ETA this paragraph: another amazing benefit, which I was desperate for, was the body's ability to focus on repair and regenerate without also having to stop and digest food. More than 50% of our body's energy is spent digesting food. This is one reason why the "grazing" diets that were suggested to me always made me feel worse. Repairing GI damage was ground zero for allowing my own immune system to manage some of my infections better and more efficiently, for allowing my body to receive and absorb nutrients more effectively, and to "go to work" on the rest of my body. Aside from the benefits of lowered insulin levels, the rest and repair process is the primary reason for intermittent fasting overnight--and why "break" "fast" is breakfast. Earlier generations always fasted 12+ hours overnight. "Snacks" are a modern invention.
When the body has completed this detoxing process, it usually sends signals to you that it's ready to receive food again and then you start--very slowly over the course of a few days--drinking and then eating food again. I was not receiving signals--I was just a gigantic body-wide yeast machine. I kept waiting for the signals and had an upcoming interview so I finally decided I needed appx 10 days for recovery so I stopped at 35.

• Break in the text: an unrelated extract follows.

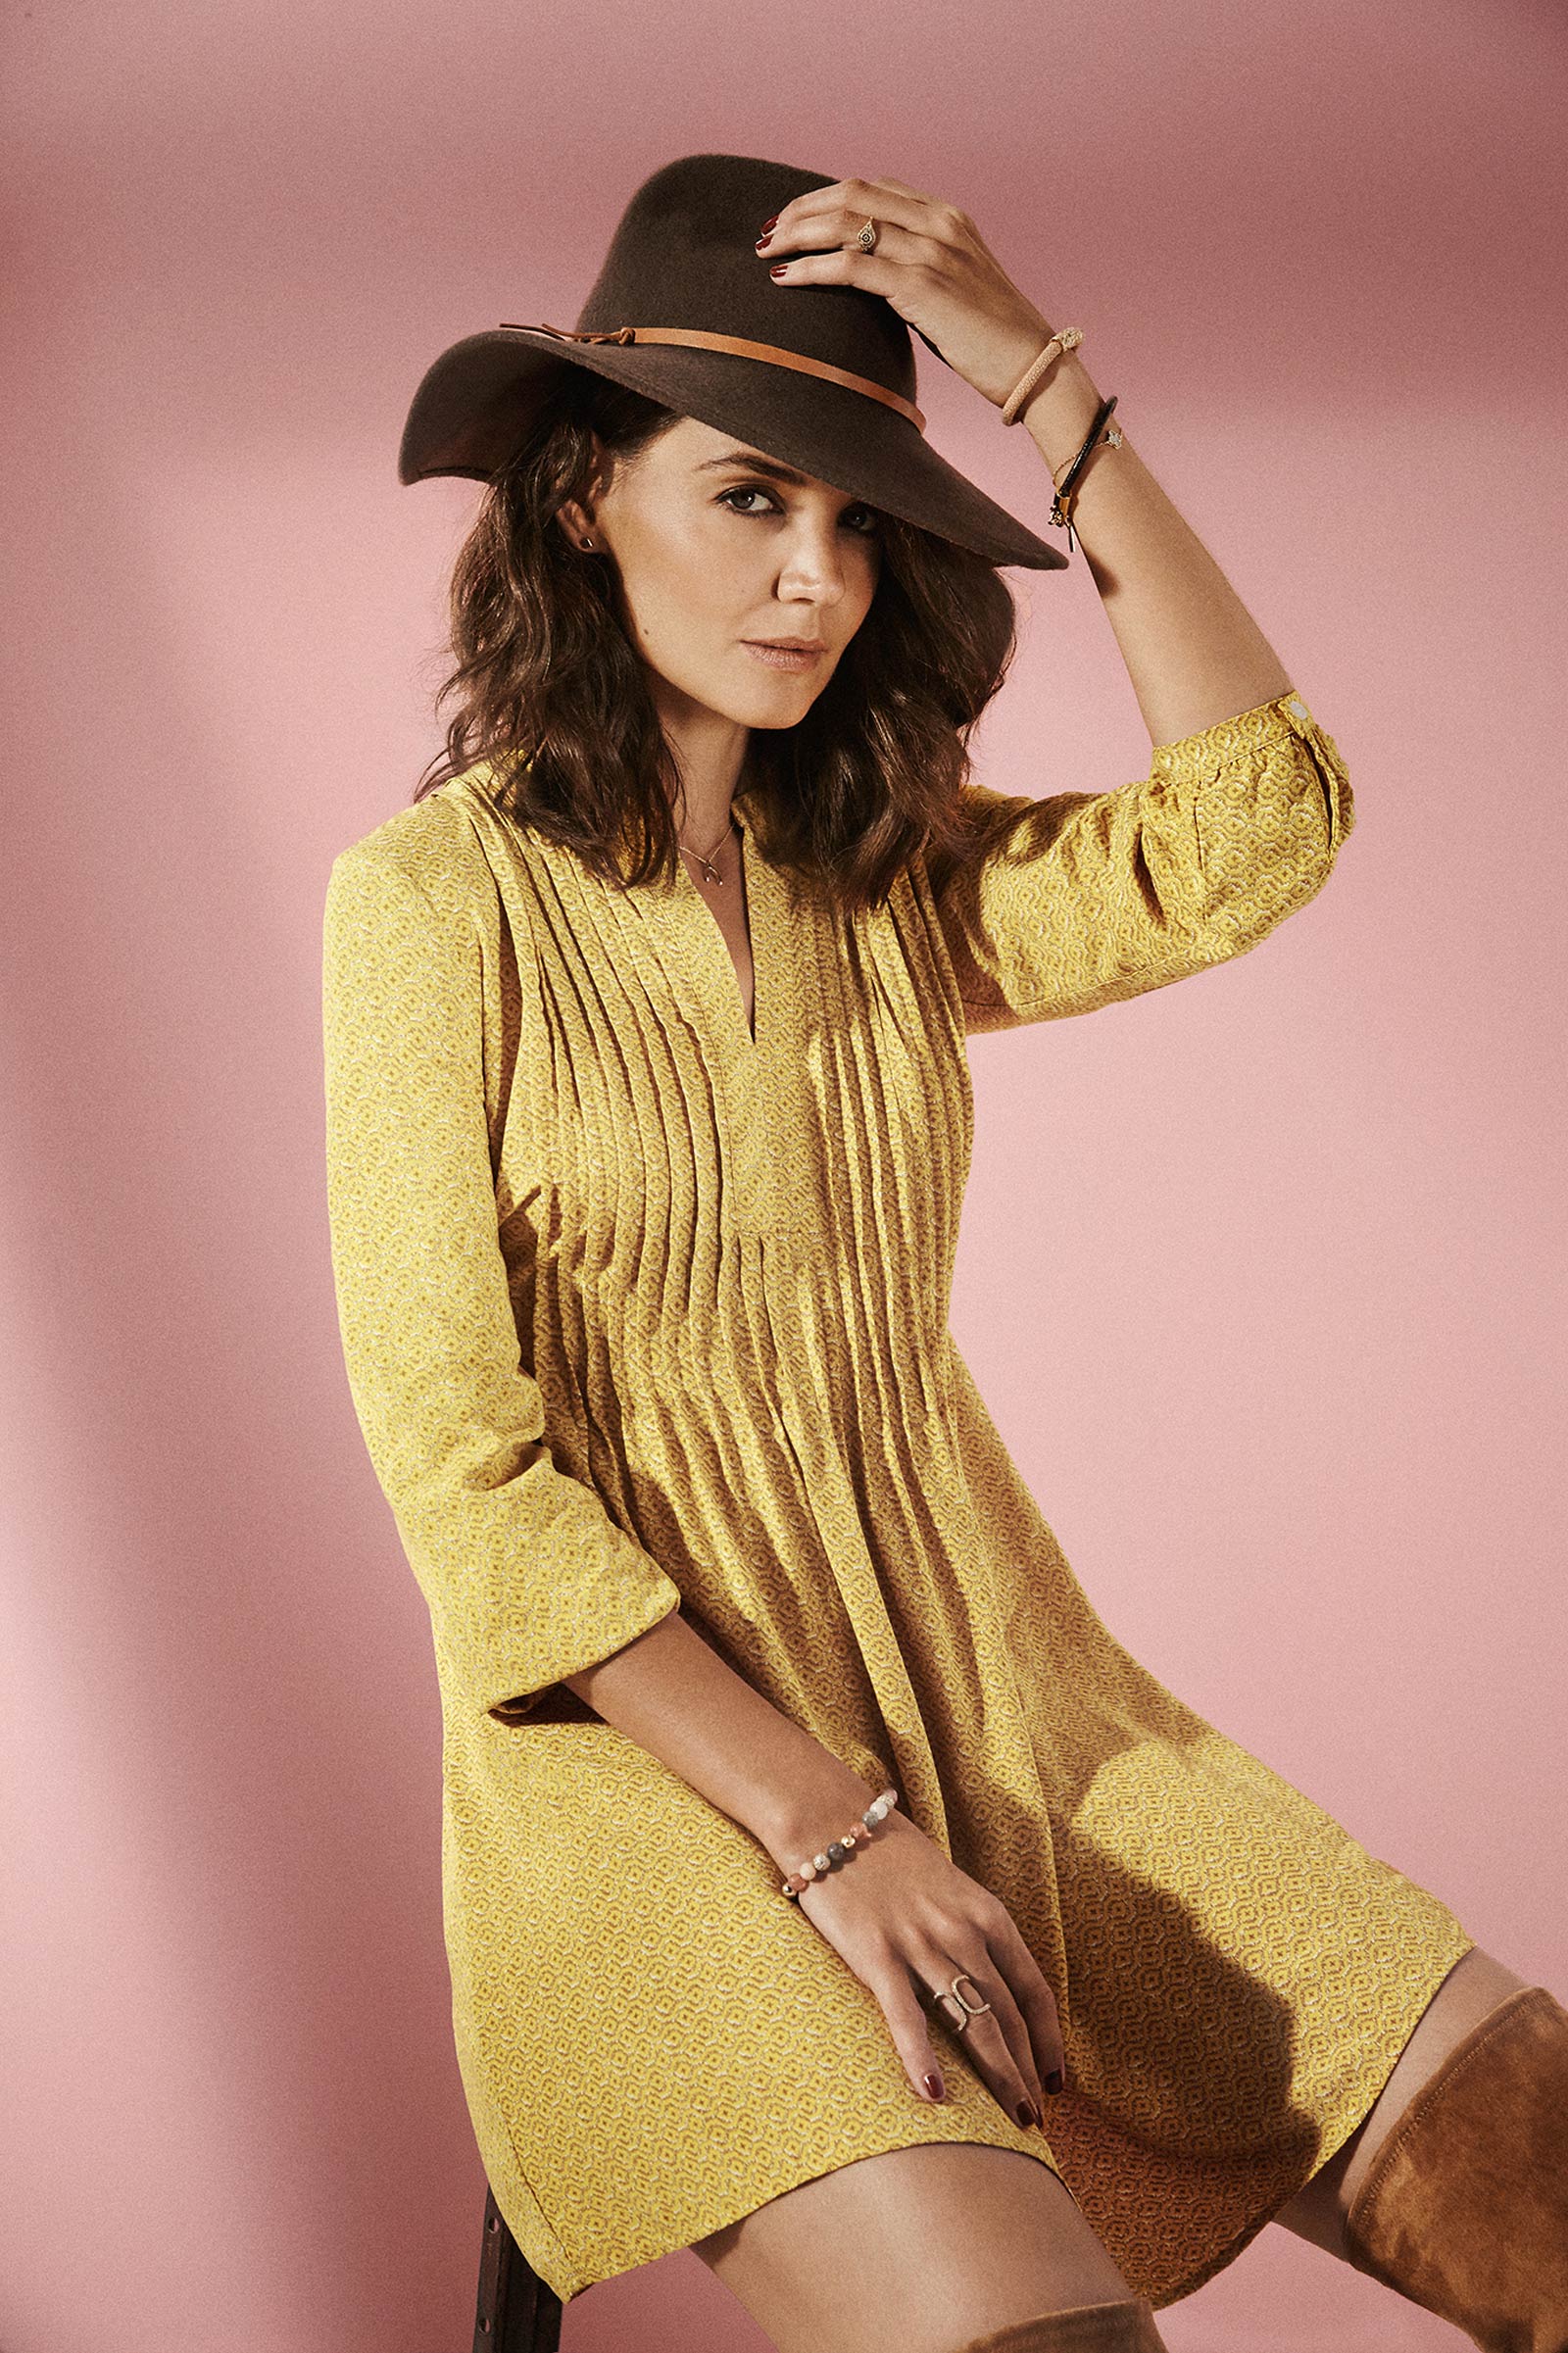 Katie Holmes photoshoot for Refinery29 by Olivia Malone

There are practitioners helping patients with chronic conditions with a serious success rate using fasting protocols. You might have heard of Dr Fung--a Canadian nephrologist who reports that his geriatric and chronic illness patient base has a 95%+ recovery rate (with the exception of late-stage kidney failure) using fasting protocols. It's astounding to hear him describe how quickly he gets these 70-80-90 year olds OFF meds.
The protocol is a little different depending on how overweight/underweight you might be but studies have shown that for a typical middle-aged man of 155 lbs (rather light for an American man of modern age), he has enough reserves in his body to sustain a 40-day fast. The longest fasting record was a 400 lb man who fasted for 385 days on water-only, under the supervision of an MD who gave him potassium support during the final month, I think.
When the body is not being fed food, which nearly all is converted to sugar for the body's fuel source, the body knows to target fat for consumption. It's why our bodies naturally store fat. Our fat contains significant nutrition and this process (ketosis) is what the training or prep period accomplishes, which can make a fast much much easier on the body and mind. In fact, the Silicon Valley uber competitive 20-somethings are experimenting with fasting to achieve a higher level of brain function. The brain benefits of fat-burning isn't new--kids with former severe seizure disorders have been successfully placed on high-fat protocols for decades.
There is more necessary detail to share to help describe what MY unique experience was with the fasting and of course I hope it inspires others who feel it might be worth exploring.
I hope you are all faring well during the crazy holidays, surrounded by those you love and taking good care of yourselves.